A Texas Historical Marker in the yard tells:

John Maxwell Jones, a native of Delaware, came to Galveston in 1839 and opened a jewelry store on The Strand. Active in area commerce, he helped organize the First National Bank of Galveston. His wife Henrietta was the daughter of French composer Jacques Offenbach. This Greek revival house served as their home prior to 1867. It was later owned by banker Henry Rosenberg, businessman Joe Levy, and County Judge E. B. Holman.

I normally would not cite Wiki, but the following article is an excellent account of Hurrican Ike:

In Galveston, by 4 p.m. CDT (2100 UTC) on September 12, the rising storm surge began overtopping the 17-ft (5.2 m) Galveston Seawall, which faces the Gulf of Mexico;waves had been crashing along the seawall earlier, from 9 a.m. CDT. Although Seawall Boulevard is elevated above the shoreline, many areas of town slope down behind the seawall to the lower elevation of Galveston Island.

The historic Balinese Room, a former mafia-run nightclub on a pier that had extended 600 feet into the Gulf of Mexico and had withstood many serious storms, was swept away as Ike's eye crossed over the eastern half of Galveston Island. The elevated structure,a pier, which had hosted performers ranging from Frank Sinatra, Bob Hope and George Burns to Groucho Marx and Sammy Davis, Jr., had recently been renovated and returned to profitability after years of neglect and disrepair, and was listed on the National Register of Historic Places.

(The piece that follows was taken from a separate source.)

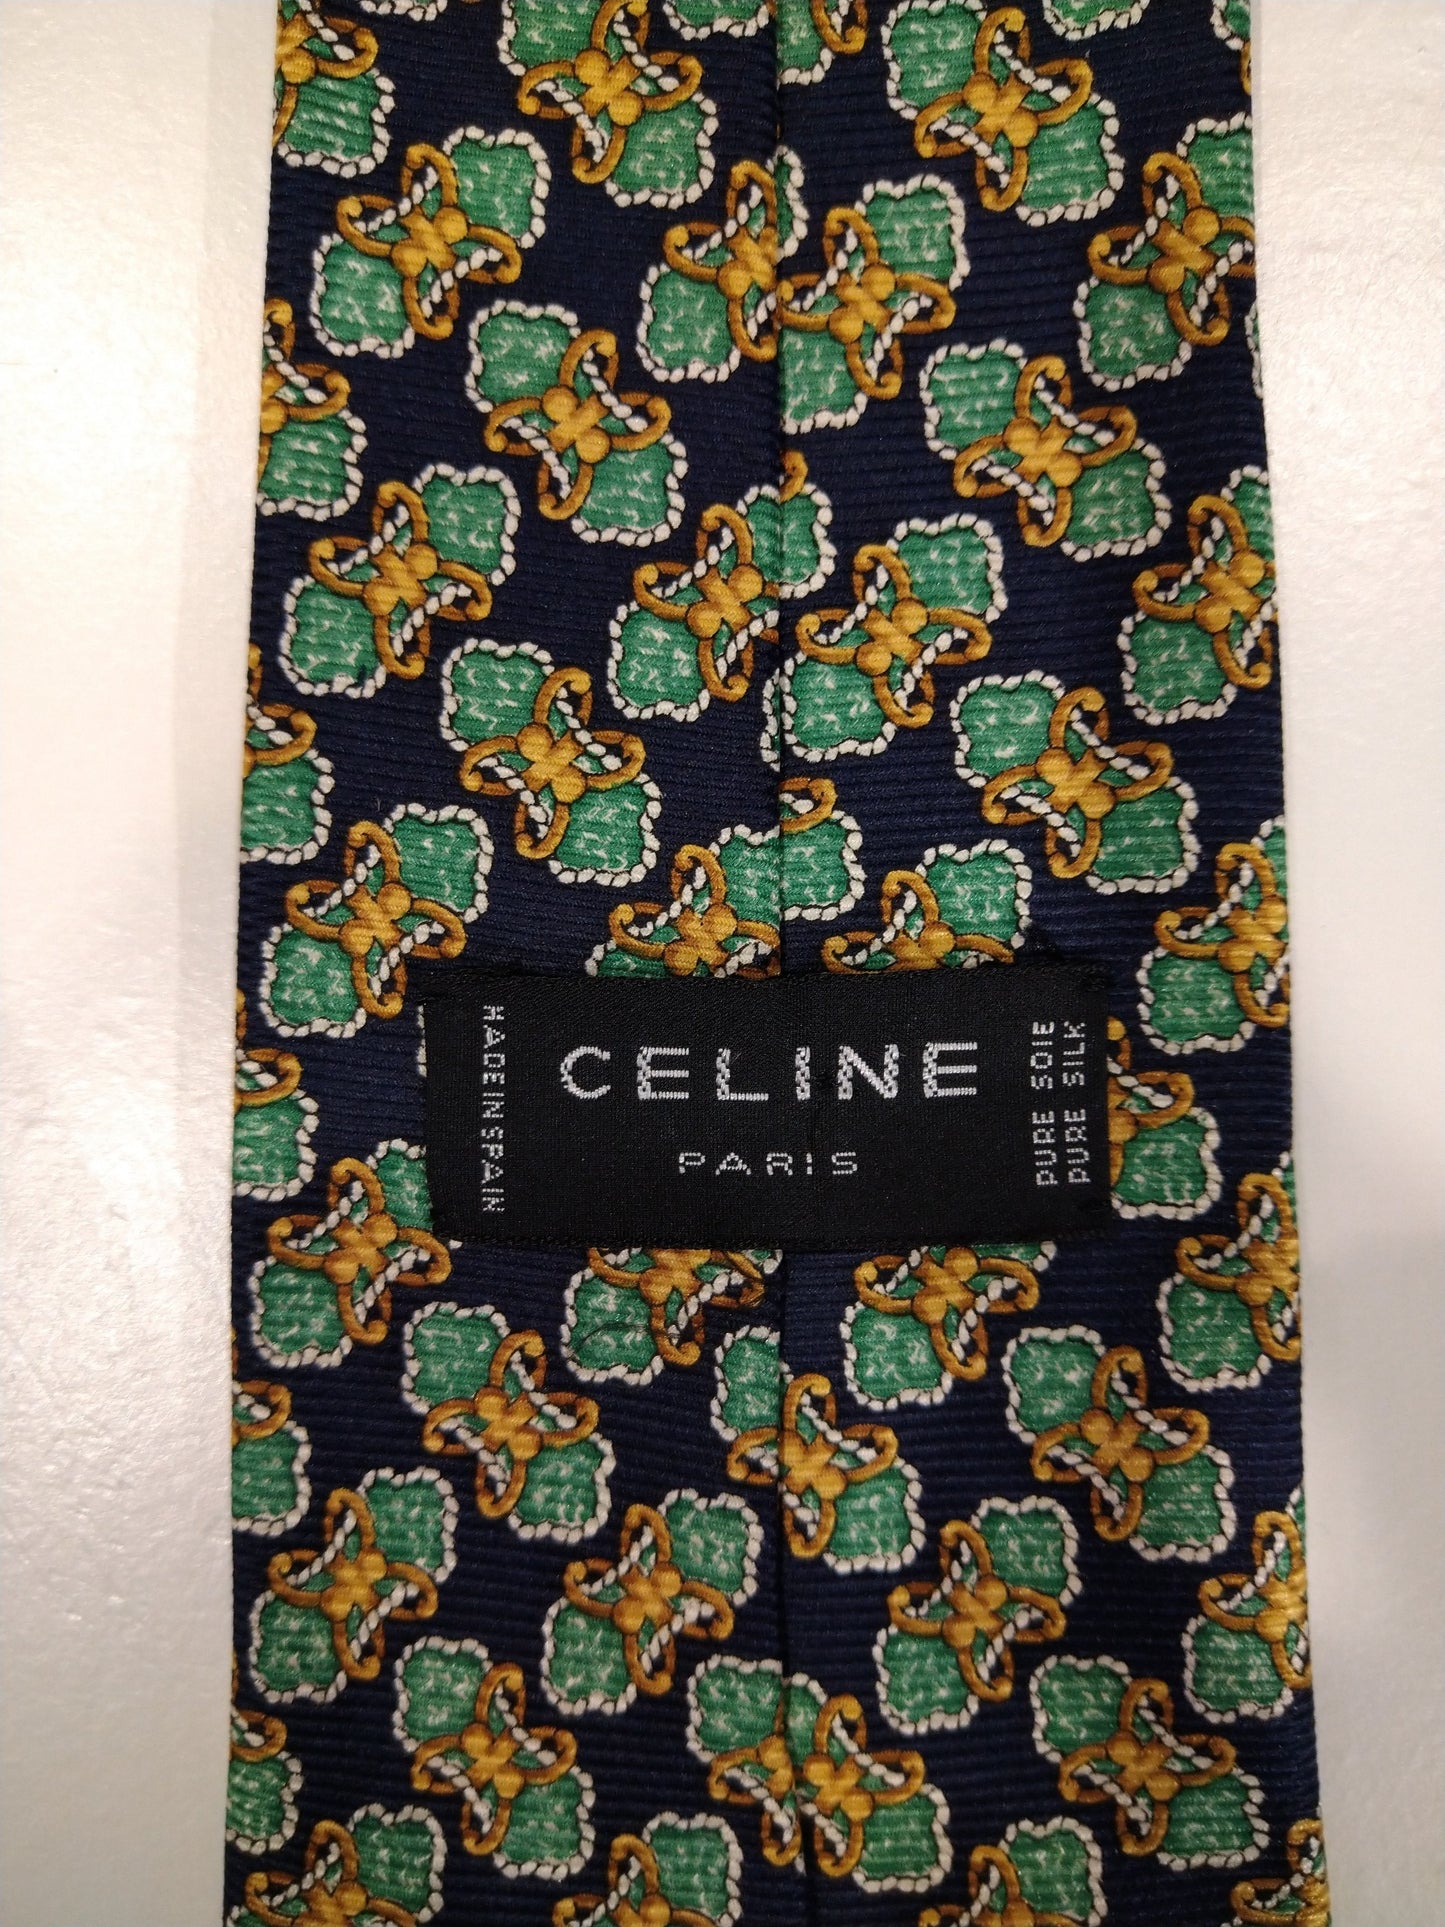 Celine Paris Silk Tie. Motif amarillo azul verde.

None of the many wooden piers that gave Galveston much of its unique character survived the landfall of Hurricane Ike. In addition to the Balinese Room, Murdoch's, Hooters[40] and the 61st Street Pier were all completely destroyed. Murdoch's Pier was rebuilt and reopened in October 2009, while Hooters Galveston (housed in the former Ocean Grill building) was not rebuilt; the site remains vacant as of 2011. (A new Hooters was reopened in November 2017 off 61st Street south of Interstate 45.) The 61st Street Pier was rebuilt and reopened in 2010. Seawall Boulevard, which runs the entire length of the seawall several meters above the popular beaches adjoining the Gulf, was littered with the debris of these and other structures.

The landmark Flagship Hotel, which sat on deep concrete pylons, was seriously damaged, but no one was injured, and while an early survey indicated the structure would be salvageable; however that proved to be untrue, and the hotel was demolished in 2011. Some of the hotel's siding was peeled off by the storm (this occurred during Hurricane Alicia in 1983), venting at least one top-floor guest suite to the open air, and the elevated ramp permitting vehicles to access the hotel's lower level from Seawall Boulevard fell into the Gulf.

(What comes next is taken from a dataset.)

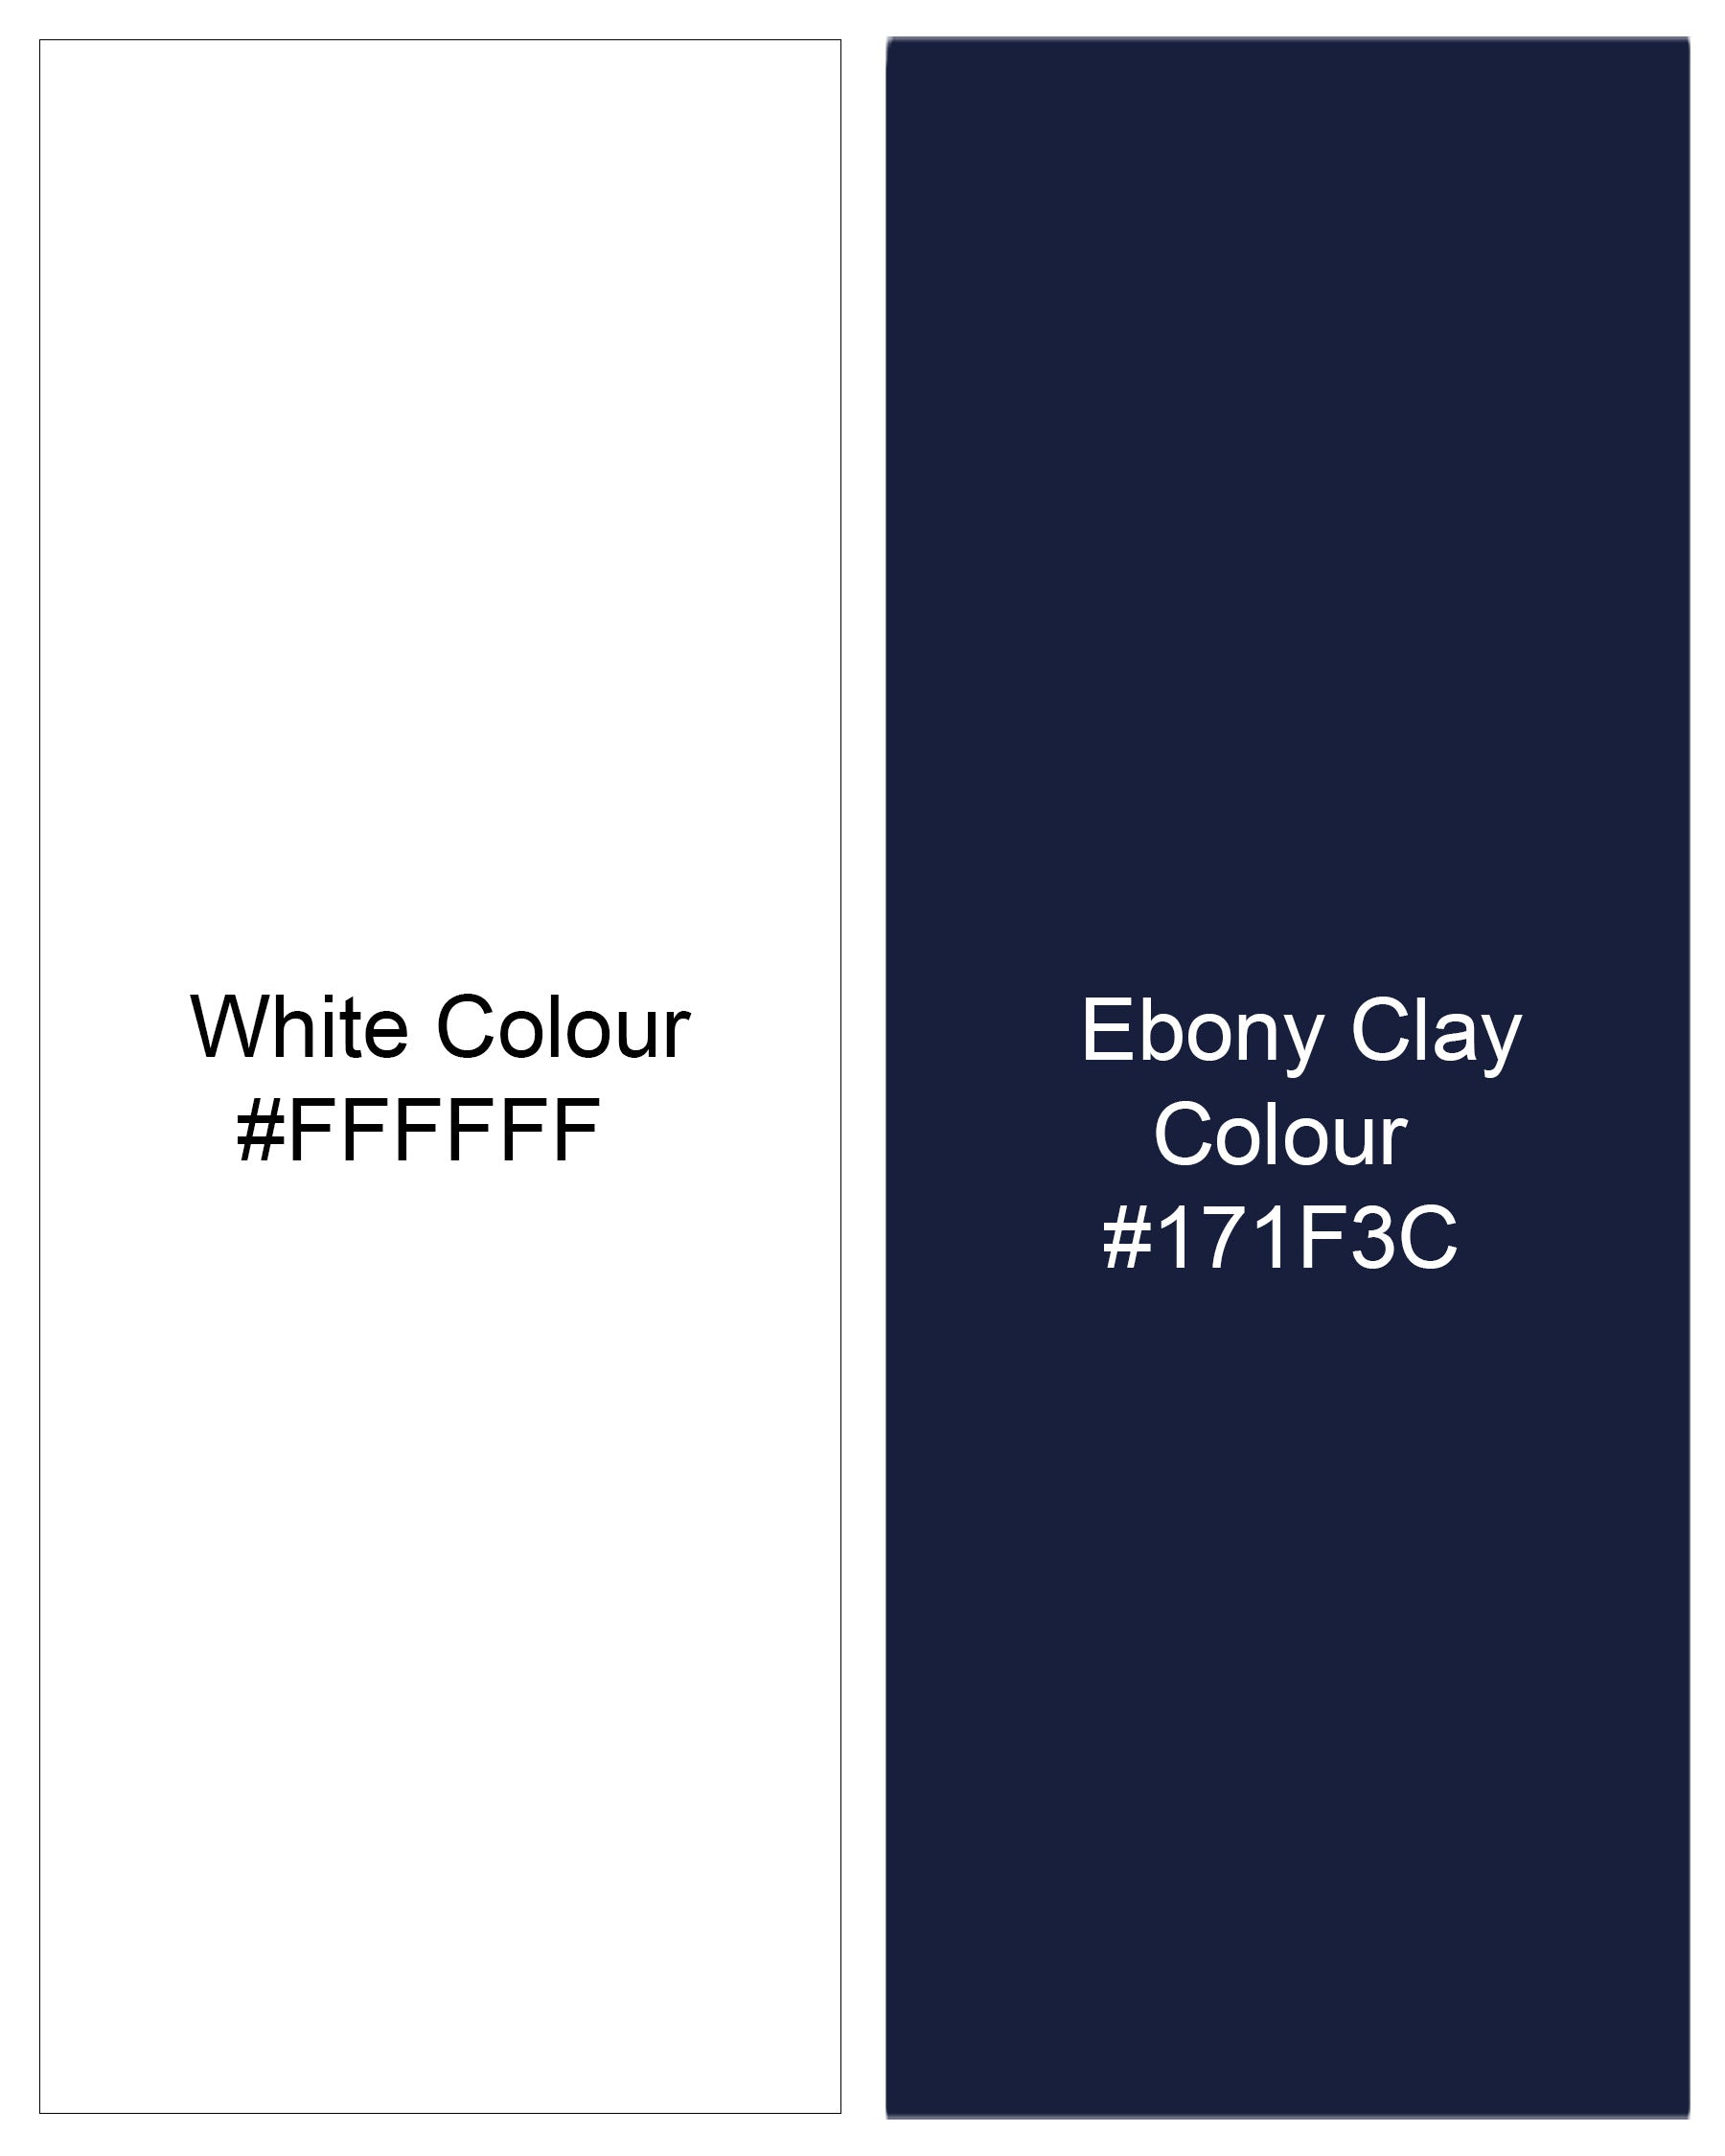 Bright White and Ebony Clay Blue Gingham Premium Cotton Shirt 8163-BD-BLE-38, 8163-BD-BLE-H-38, 8163-BD-BLE-39, 8163-BD-BLE-H-39, 8163-BD-BLE-40, 8163-BD-BLE-H-40, 8163-BD-BLE-42, 8163-BD-BLE-H-42, 8163-BD-BLE-44, 8163-BD-BLE-H-44, 8163-BD-BLE-46, 8163-BD-BLE-H-46, 8163-BD-BLE-48, 8163-BD-BLE-H-48, 8163-BD-BLE-50, 8163-BD-BLE-H-50, 8163-BD-BLE-52, 8163-BD-BLE-H-52

The seemingly protected back side of the island also suffered heavy damage to tourist areas. The Lone Star Flight Museum suffered massive damage as the storm surge washed over the airport and though all the aircraft hangars (not just the museums) with about 8 feet of water. All the airplanes, except those that flew out before the storm, were damaged from moderate to severe, but the worst was the complete destruction of the "Aviation Hall of Fame" with numerous personal items of aviation's greatest pioneers. Conversely, Moody Gardens was built with hurricane storms in mind with strong pyramid shaped structures very high above sea level, so it was able to withstand the worst of the storm and return to operation quickly.

The Galveston Railroad Museum suffered damage throughout its museum and exhibit grounds. Several railcars and locomotives are damaged by the hurricane's winds and flooding# 2 historical EMD F7 locomotives are scrapped after severely affected. The museum's model railroad layout was also destroyed.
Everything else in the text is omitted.